PROBLEM STATEMENT – An exact copy of the data below is needed; please leave out any pictures.

RAW DATA –
--------------------------------

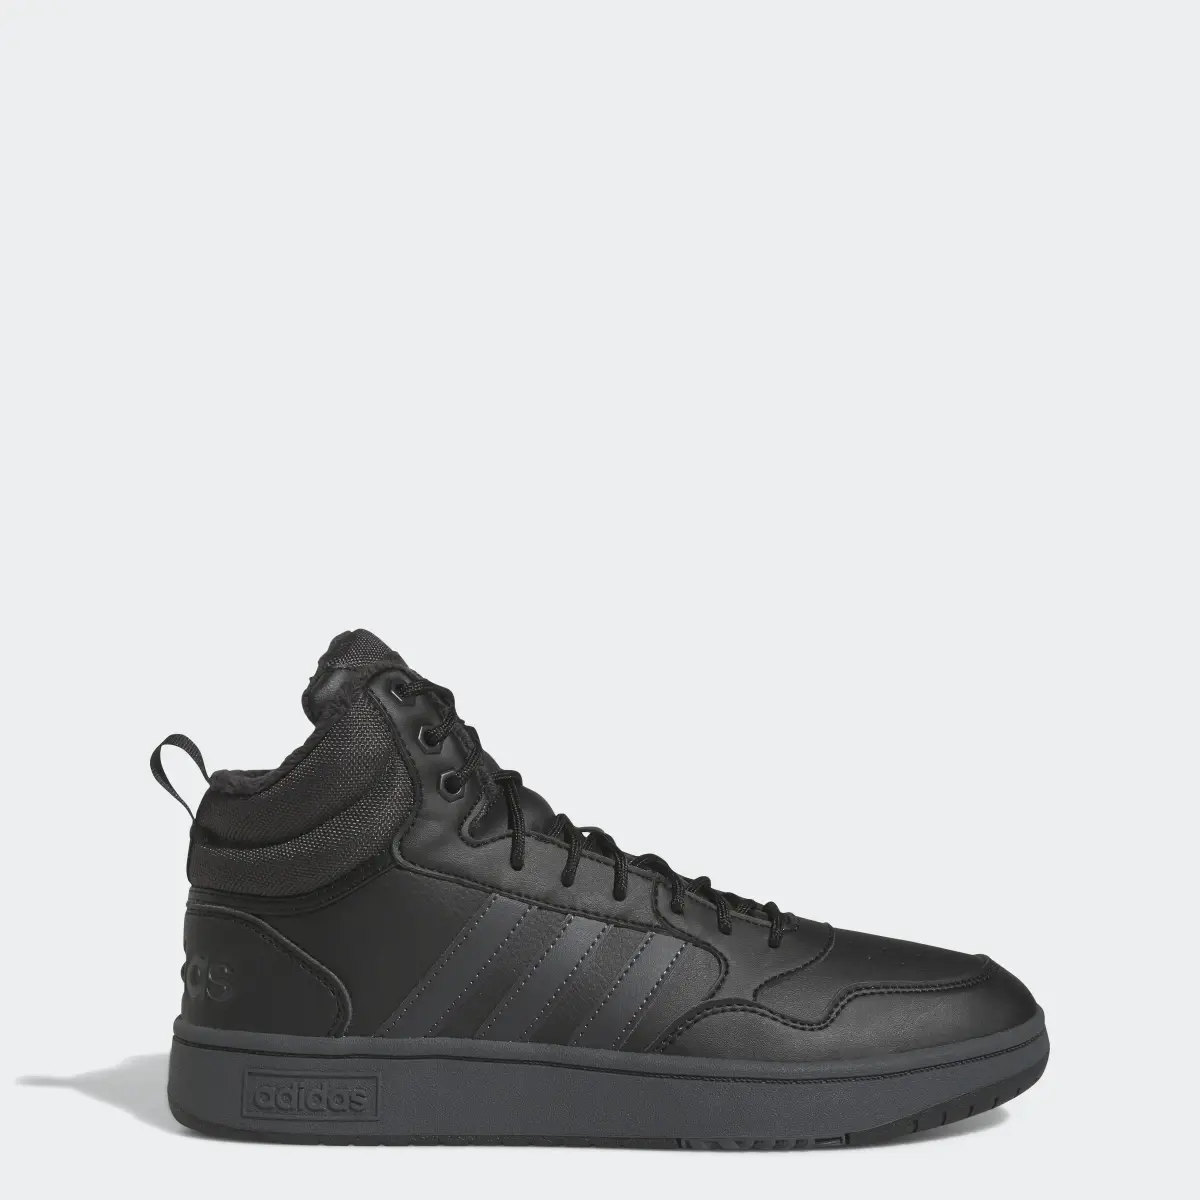 Adidas Chaussure Hoops 3.0 Mid Lifestyle Basketball Classic Fur Lining Winterized. 1
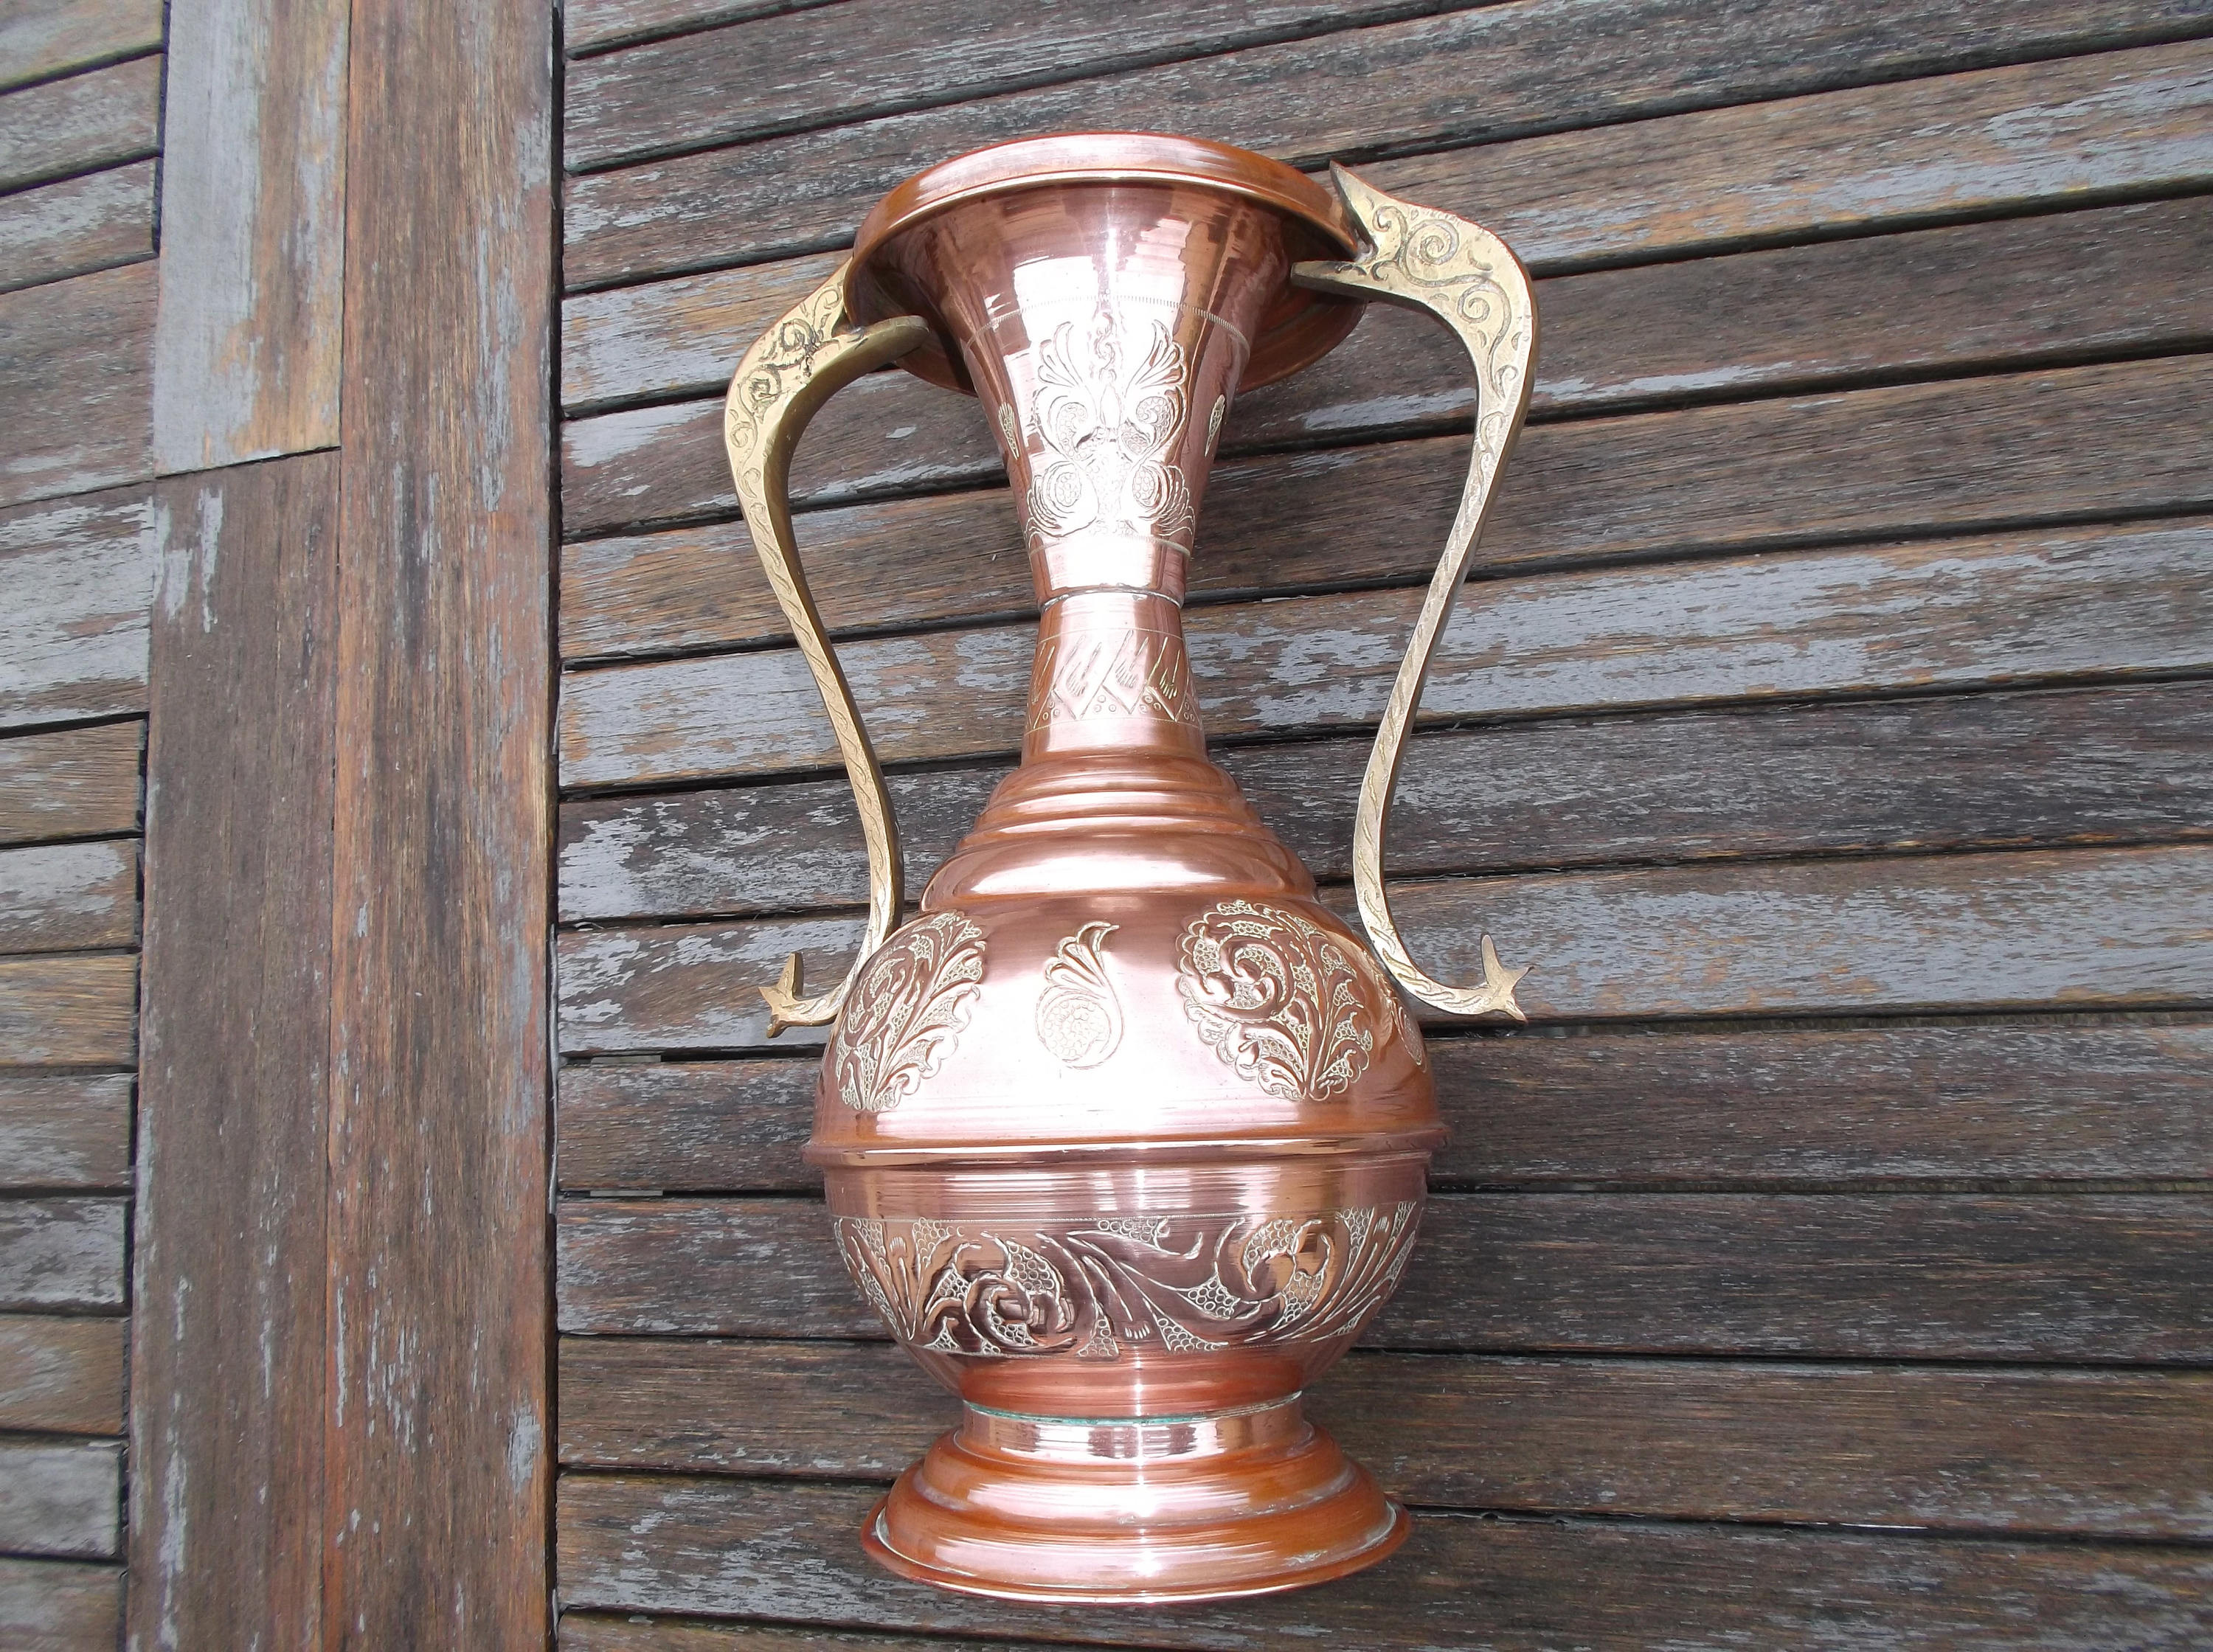 14 Ideal Antique Hammered Copper Vase 2024 free download antique hammered copper vase of amphora vase copper cut and brass cove antique moroccan etsy in dc29fc294c28ezoom
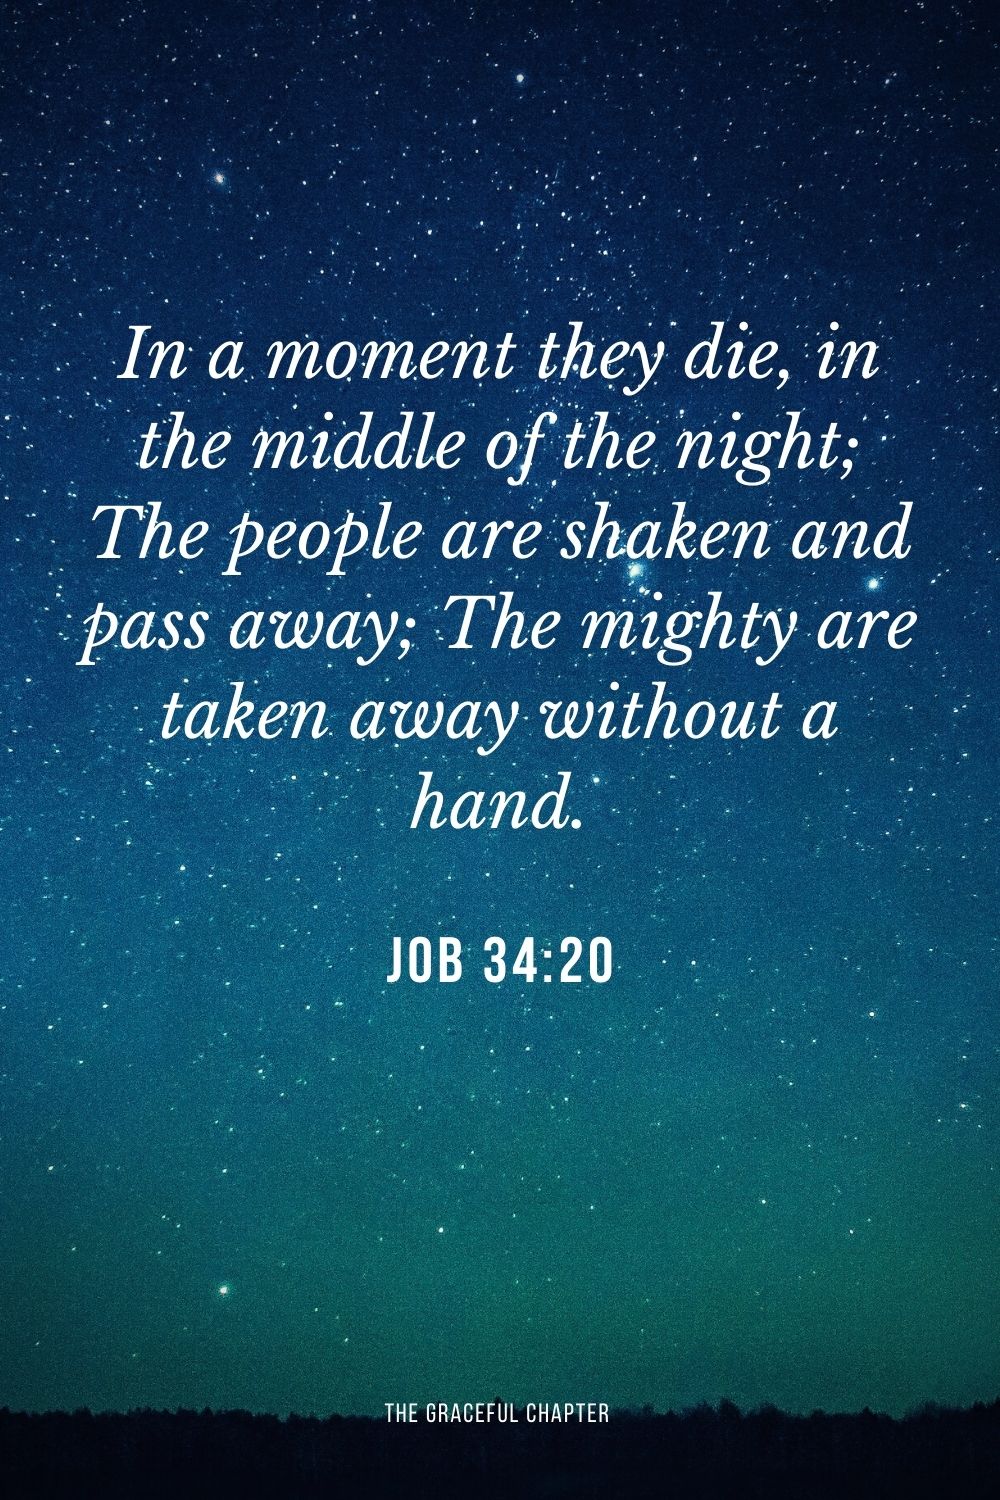 In a moment they die, in the middle of the night; The people are shaken and pass away; The mighty are taken away without a hand. Job 34:20

--------------------------------

ANSWER FOR THE TASK –
 Adidas Chaussure Hoops 3.0 Mid Lifestyle Basketball Classic Fur Lining Winterized. 1
 14 Ideal Antique Hammered Copper Vase 2024 free download antique hammered copper vase of amphora vase copper cut and brass cove antique moroccan etsy in dc29fc294c28ezoom
 In a moment they die, in the middle of the night; The people are shaken and pass away; The mighty are taken away without a hand. Job 34:20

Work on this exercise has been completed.